Старик отходит от костра, наливает воду в котелок, где лежит картошка, и вертит, вертит его до тех пор, пока клубеньки не зарозовели отполированными боками. Тогда, слив грязную воду с отставшей шелухой, старик заливает котелок свежей, бросает соли, вешает над костром. Потом, погрозив Гонку кулаком, усаживается возле внучки.
Галка еле переждала возню деда с картошкой.
— Ну уж, а дальше?
— А дальше я ей говорю: «Такая вы милая барышня, зачем вы в эти неженские дела лезете? За это, говорю, на каторгу гоняют…» Она ведь и тогда была как бритва. «Это, отвечает, сударь, не трожьте, это — мое и вас не касается, а если хотите до конца доброе дело довести, проводите меня домой, до девичьей спальни, будто мы со свидания идем». Сказала и опять шею мою руками обхватила, встала на цыпочки и губами ко мне… Тут уж я не сплоховал. По дорожке стражники скачут, проскакали, а я уж во вкус вошел, все целую, не отпускаю. Она головой мотает, отбивается, наконец вырвалась «Что вы с ума сошли, они уж где!» А я говорю: «А это уж, может, и не конспирация, а серьез…» Вот так наша любовь, внученька, и началась.
Старик принес из балагана и подбросил в костер дровишки. Сверху легла какая-то серой масляной краской покрытая доска. На ней сохранились остатки немецких букв. Пламя сразу объяло сухое дерево, краска пошла пузырями, и вот уже не видно стало и букв — один огонь.
— Горишь! — злорадно произнес Степан Михайлович. — Может, по всей Европе тебя Гитлер протащил, а вот сгореть тебе суждено здесь… Эх, внученька, как наш российский-то гражданин сейчас
— А ты не сравнивай… Ну его, этого Муция! Ты про бабушку.

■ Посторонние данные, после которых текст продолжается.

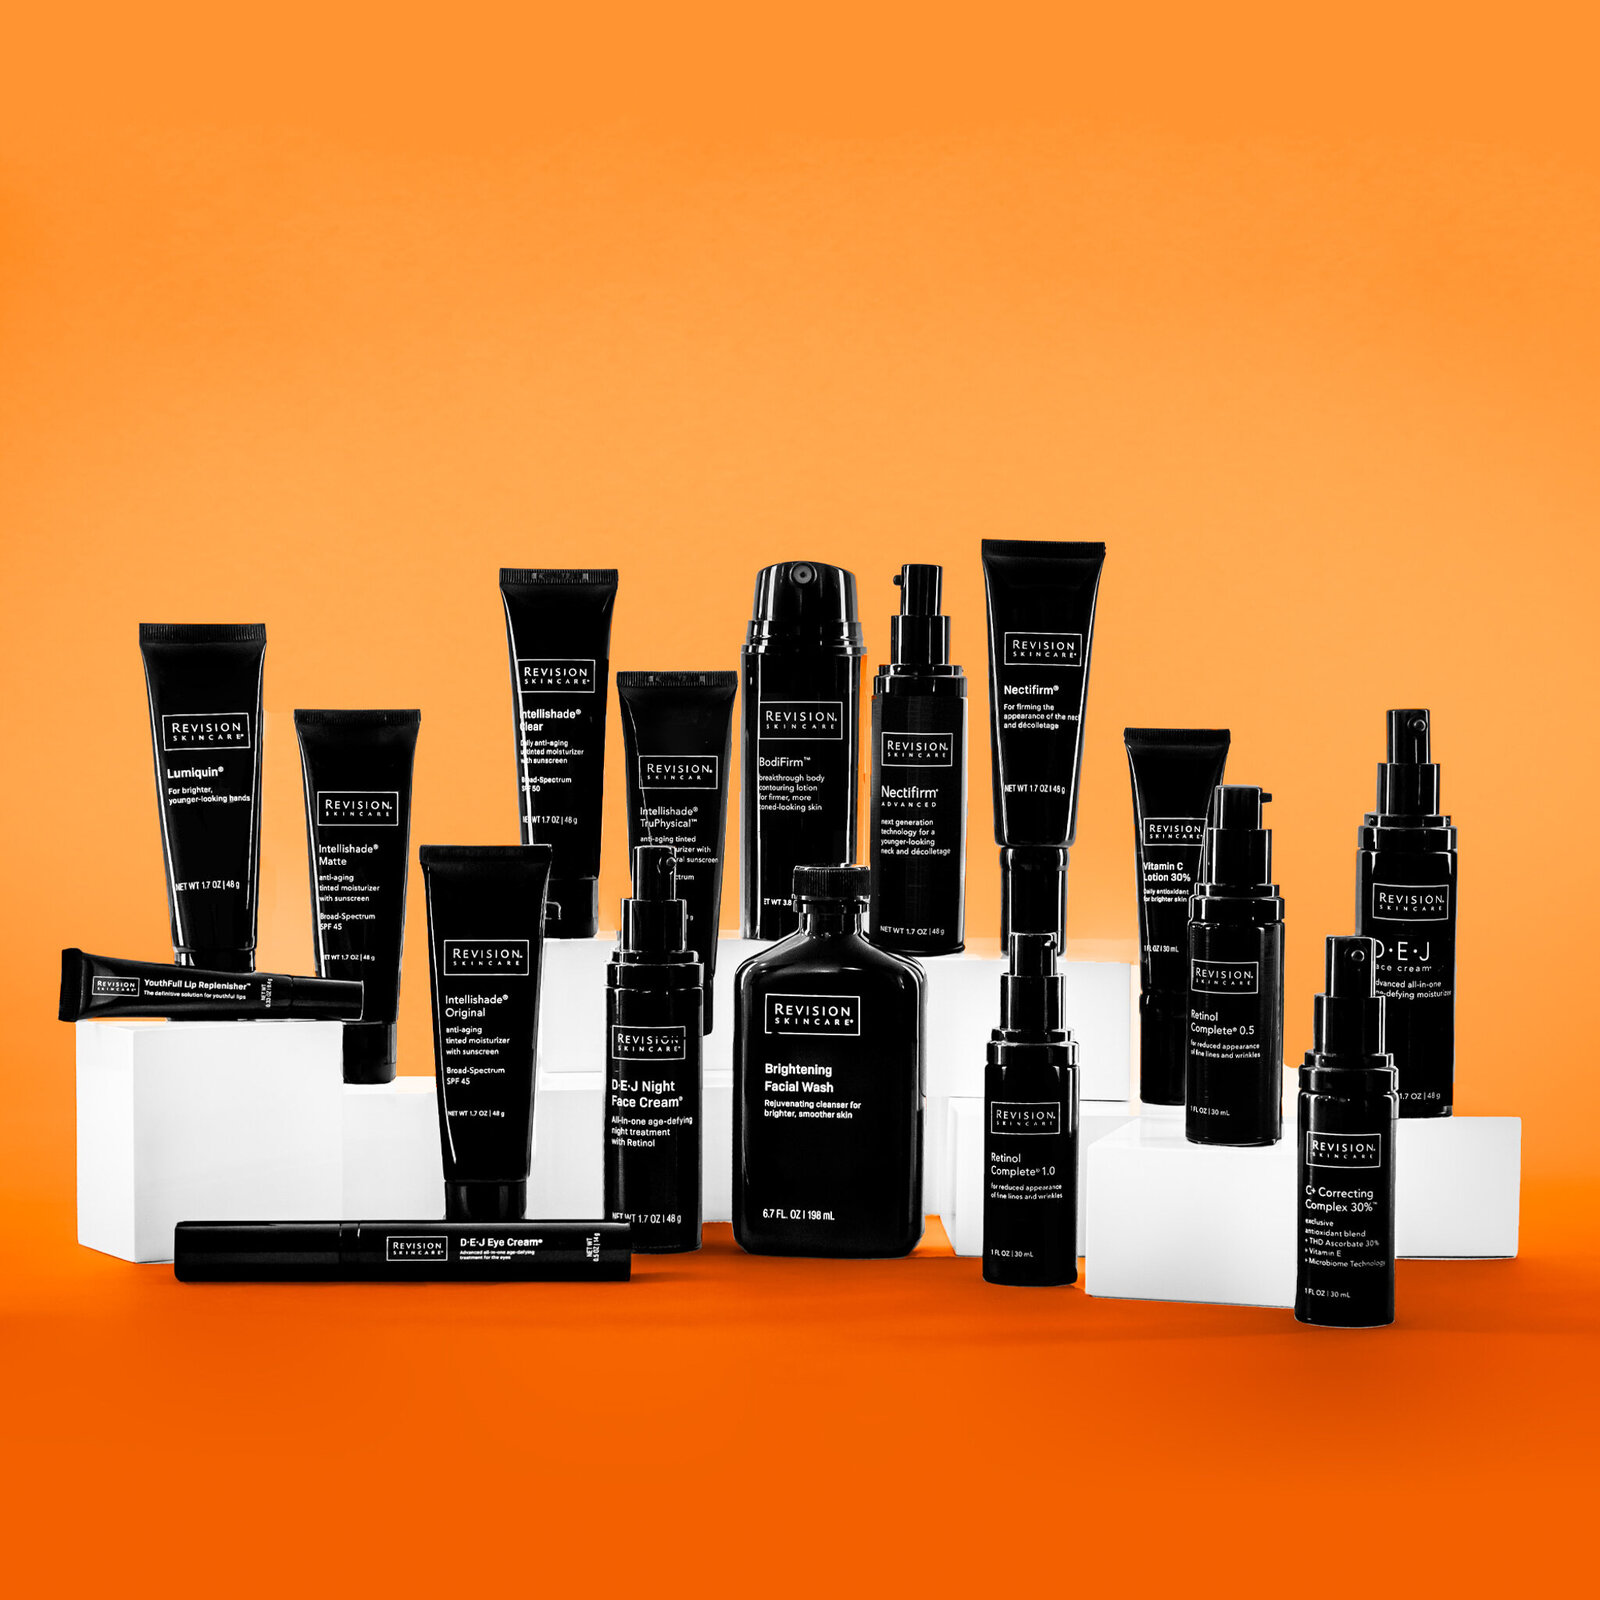 Full product line for Revision Skincare on orange background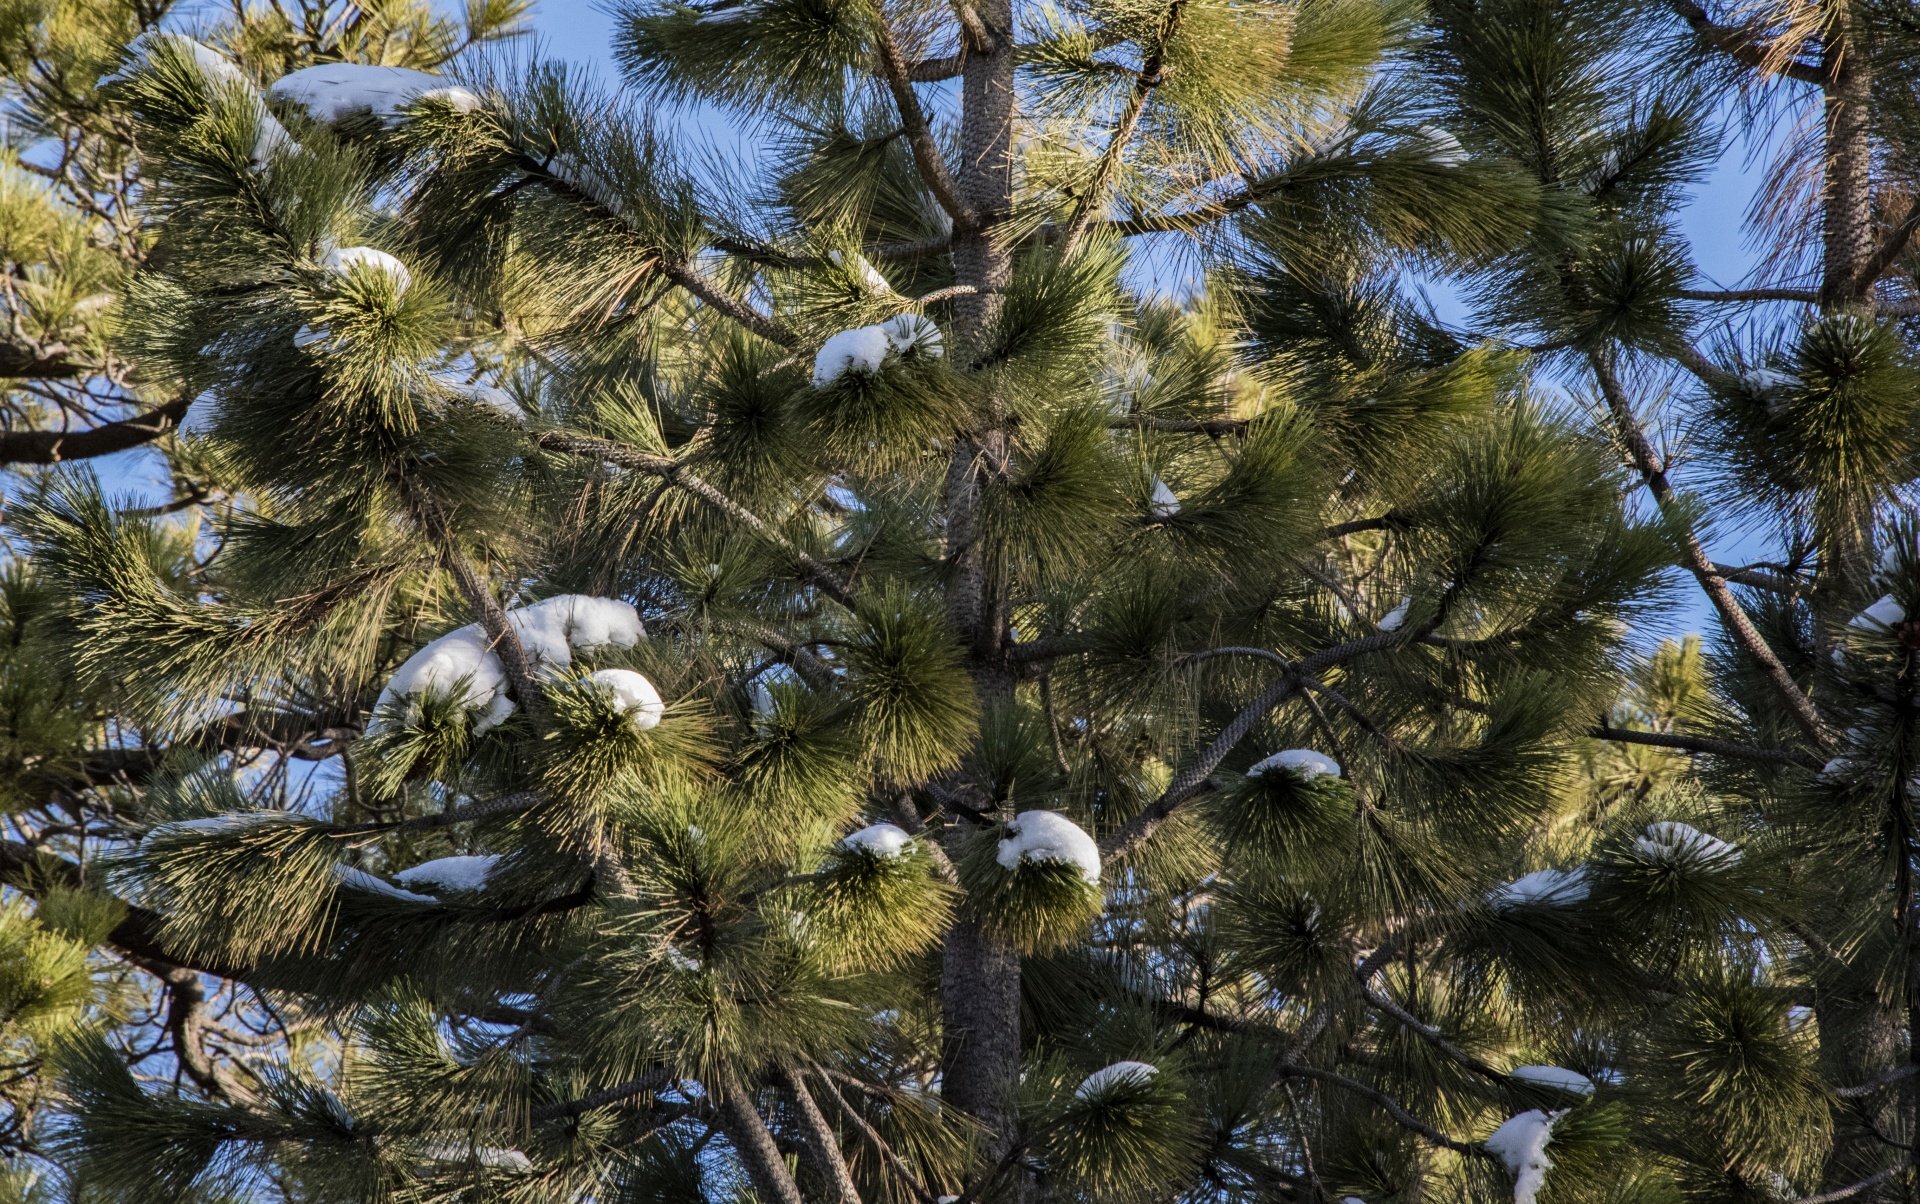 Snow Drifts On Pine Trees

— Что ж, слушай про бабушку… Проводил я девицу эту до спальни. Тут она опять на цыпочки привстала, чмокнула меня — и бежать. Оглядываюсь, никого кругом нет, и думаю: это уж, Степан, не конспирация, это персонально тебе… Подумал я так и побрел к себе в Красную слободку, где в ту пору мы, два парня, молодые раклисты, у одного хорошего человека на пару комнатенку снимали… День проходит, два проходят, неделя проходит, а девица та черноглазая так и стоит передо мной. Ах, думаю, напасть какая! Не вытерпел однажды, взял гармонь, пришел вечерком к девичьей спальне, сел на скамеечку, пробежался раза два по ладам, ну, девушки-то из дверей и посыпались, как пчела на мед. Гляжу, средь них и моя… Так и пошло, Я им по вечерам играю — они танцуют. И она здесь среди них — губки бантиком: «Здрасте, Степан Михайлович, как поживаете?..» Смирная такая… Никому и в голову не придет, что она среди тех, кто против хозяев Холодовых да против царя людей бунтовал, одна из заводил… Ну, познакомились поближе, гулять вместе стали, но тех ее дел я касаться и не пробовал… Так и говорила потом: «Вся твоя, Степа, а это — особое, этого не трогай…»
— Вы что же, тогда с ней и сошлись?
— Нехорошее это слово, внучка, — «сошлись»! Да и вовсе не к месту тут оно. В той девичьей спальне строго было.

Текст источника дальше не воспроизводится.